A recuperação do IVA nos créditos incobráveis

A recuperação do IVA nos créditos incobráveis: O caso específico dos Processos de Insolvência e dos PER
A regularização do IVA de créditos incobráveis, apesar de ter sido alvo de reforma pela Lei de Orçamento de Estado de 2013, é ainda hoje, um regime que tem suscitado várias dúvidas e tem sofrido sucessivos ajustes. Apesar disso, ainda existem questões por resolver que afetam, em larga medida, a liquidez e a competitividade das empresas.
Texto: Hugo Leonardo
Advogado estagiário da Espanha&Associados
A relevância deste regime para as empresas é incontestável uma vez que, infelizmente, não raras vezes, os credores deixam de receber os valores que lhe são devidos não deixando, contudo, de ter de liquidar o IVA ao Estado inerente à transmissão de bens e serviços que prestaram.
É, por isso, requisito prévio à regularização do IVA liquidado que o mesmo tenha sido relevado na correspondente declaração periódica e entregue ao Estado, ainda que não tenha sido recebido do devedor.
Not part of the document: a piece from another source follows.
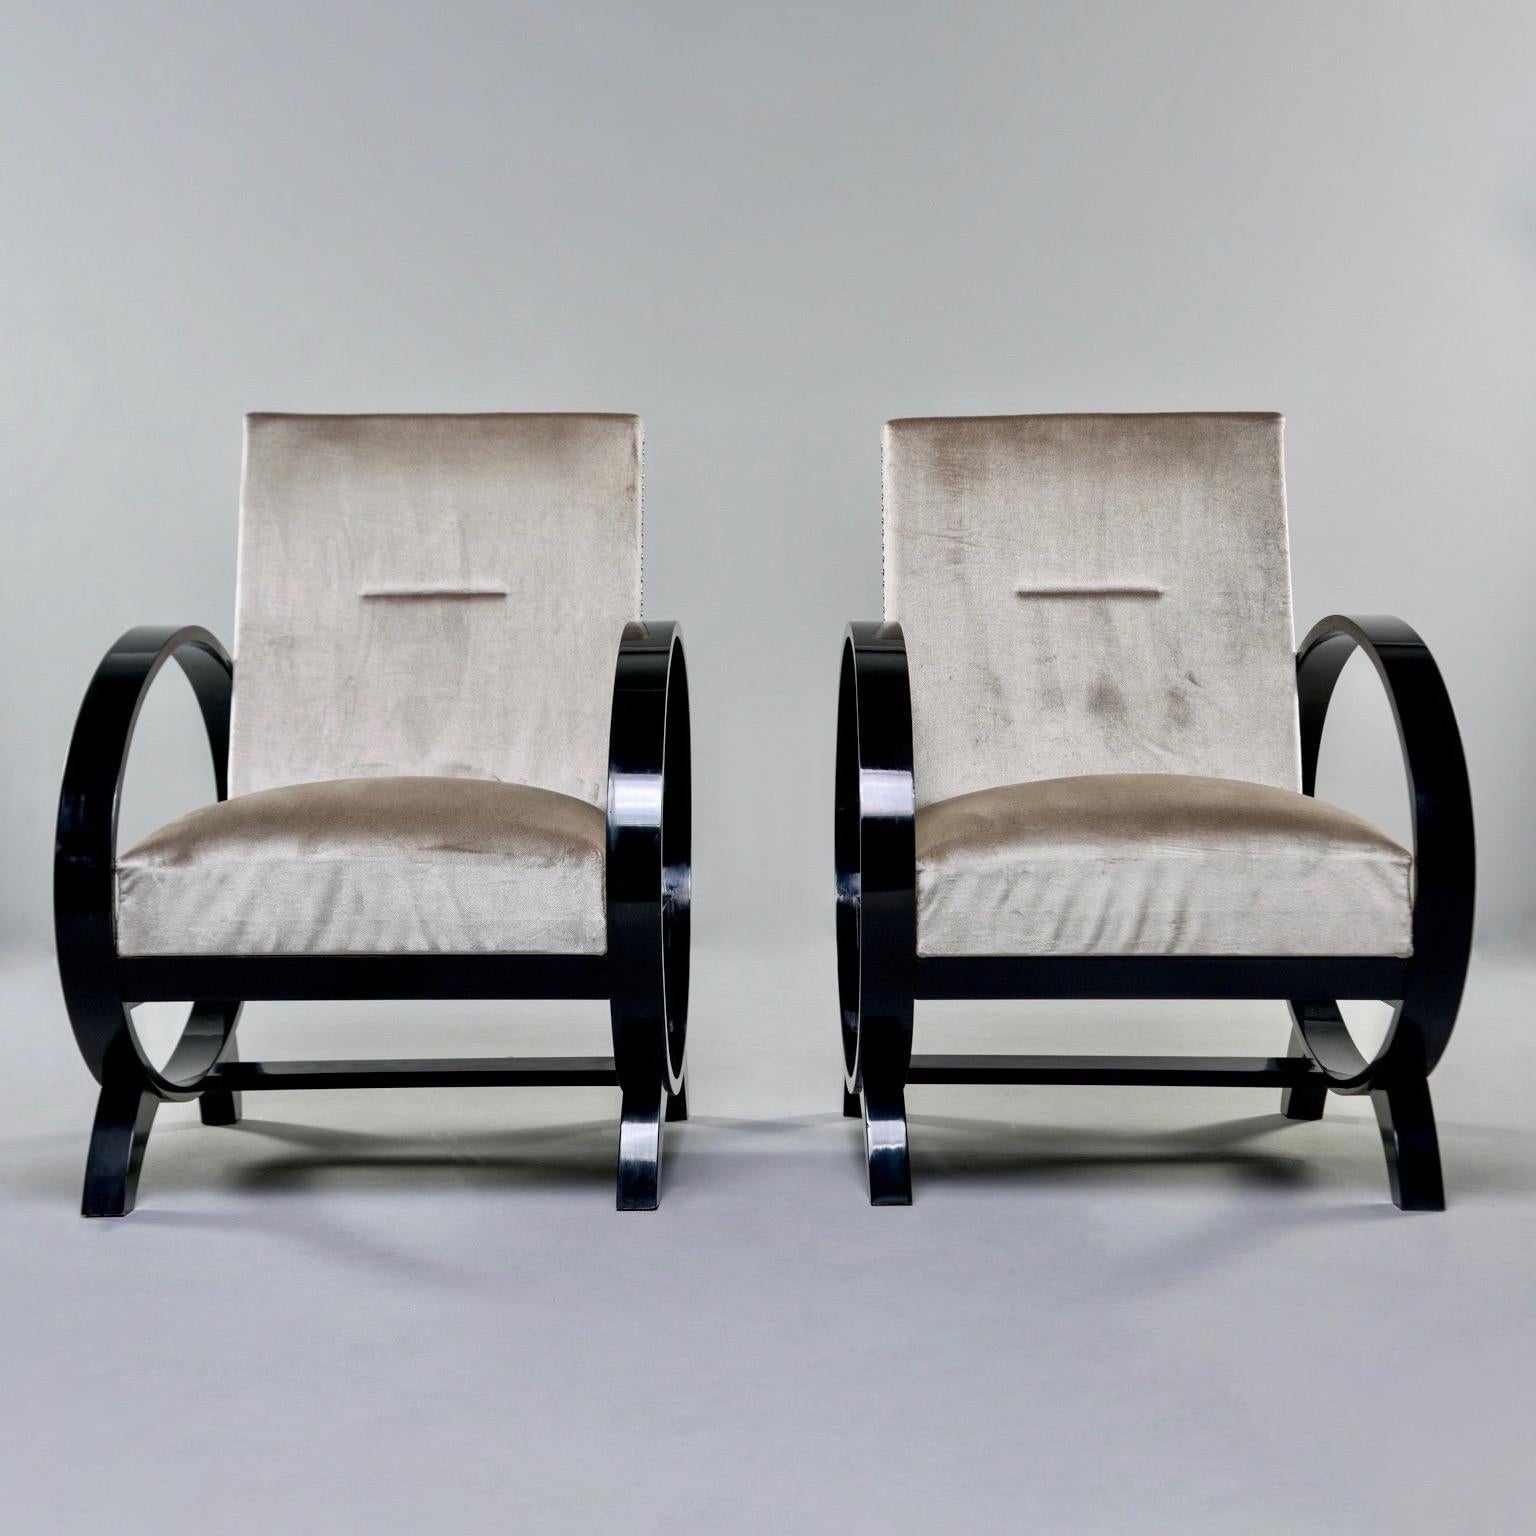 Pair of Italian Art Deco lounge chairs feature dramatic, oval wood arms, circa 1940s. Frames have black finish and newly upholstered in a sand colored velvet with a bit of sheen. Silver tone nailhead trim. Unknown maker. Sold and priced as a

Ora, relativamente aos devedores que estejam em processo de insolvência ou em PER (Planos especiais de Recuperação), o Código do IVA (CIVA) estipulou um regime específico que considera “incobráveis” os créditos resultantes do incumprimento dos devedores com estas características.
Nos processos de insolvência, o momento da regularização do IVA dos créditos incobráveis está condicionado ao âmbito da insolvência, exigindo a lei que esta seja decretada de caráter limitado (i.e situações em que existe insuficiência patrimonial do insolvente para satisfazer as dívidas da massa insolvente).
Se a sentença não for declarada de caráter limitado, o momento da regularização só se poderá concretizar se o juiz decidir o encerramento do processo por uma de duas formas: a) através da realização do rateio final (do qual não resulte o pagamento definitivo do crédito); b) pela verificação de que a massa insolvente é insuficiente para pagar as custas do processo e dívidas dessa mesma massa insolvente.
Recuperação total ou parcial do IVA
Já no âmbito do PER, a dedução do IVA só poderá ocorrer com a homologação pelo juiz do plano de recuperação negociado e aprovado pelos credores. E, portanto, é preciso acautelar que caso esteja planeado um perdão de dívida (total ou parcial), este deve ser efetuado no âmbito do PER sob pena de não ser possível regularizar o IVA relativamente a esses créditos perdoados.
Para além desta hipótese, no âmbito de um PER, é também possível que parte da dívida seja perdoada pelos credores ou que sejam apenas definidos novas modalidades e prazos de pagamento. E, de facto, nesta sede surge de imediato uma dúvida basilar: que montante de IVA pode ser recuperado? O correspondente à totalidade do crédito? Ou apenas aquele relativo à parte da dívida perdoada? A letra da lei não menciona a necessidade de a regularização do IVA se reportar apenas à dívida perdoada.
O entendimento da AT, por intermédio do Ofício Circulado nº 30161/2014, é o de que a regularização é parcial, reconduzindo-se apenas aos valores perdoados. Todavia, em face da ausência de tal exigência no seio da letra da lei e tendo em conta as regras do CIVA que permitem a regularização a favor do Estado, não será despiciendo o entendimento de que, nestas situações, a recuperação do IVA pode ser total (i.e abrange os montantes perdoados e aqueles que permanecem em dívida).
Mas esta não é a única dúvida decorrente deste regime. Pense-se, por exemplo, no caso de o credor querer ceder estes “créditos incobráveis” abaixo do valor do crédito a um terceiro, ou seja, uma cedência do crédito a um terceiro por um valor inferior ao valor nominal, daqui resultando a possibilidade ao adquirente de exigir a totalidade do crédito ao devedor. Neste caso, continua o credor originário com a faculdade de reaver o IVA entregue ao Estado correspondente ao valor não recuperado por efeito da cessão abaixo do valor do crédito? E se a cessão for apenas parcial? Ora, a técnica legislativa não é clara, sendo até pouco adequada, mas, em face da letra da lei, quando há uma transmissão da titularidade dos créditos por parte do sujeito passivo cessa a possibilidade de o sujeito passivo regularizar o IVA a seu favor na totalidade, ainda que a cessão de créditos seja parcial (o que, quanto a nós, parece-nos anacrónico e reduz a margem de atuação negocial deste tipo de créditos).
Outras questões haveria a expor. É que sendo um regime que, em princípio, deveria atenuar os efeitos dos créditos incobráveis, é lamentável que hoje, passados seis anos desde a reforma, ainda não se tenham resolvido questões fraturantes que afetam, em muito, a liquidez das empresas e, consequentemente, a sua competitividade.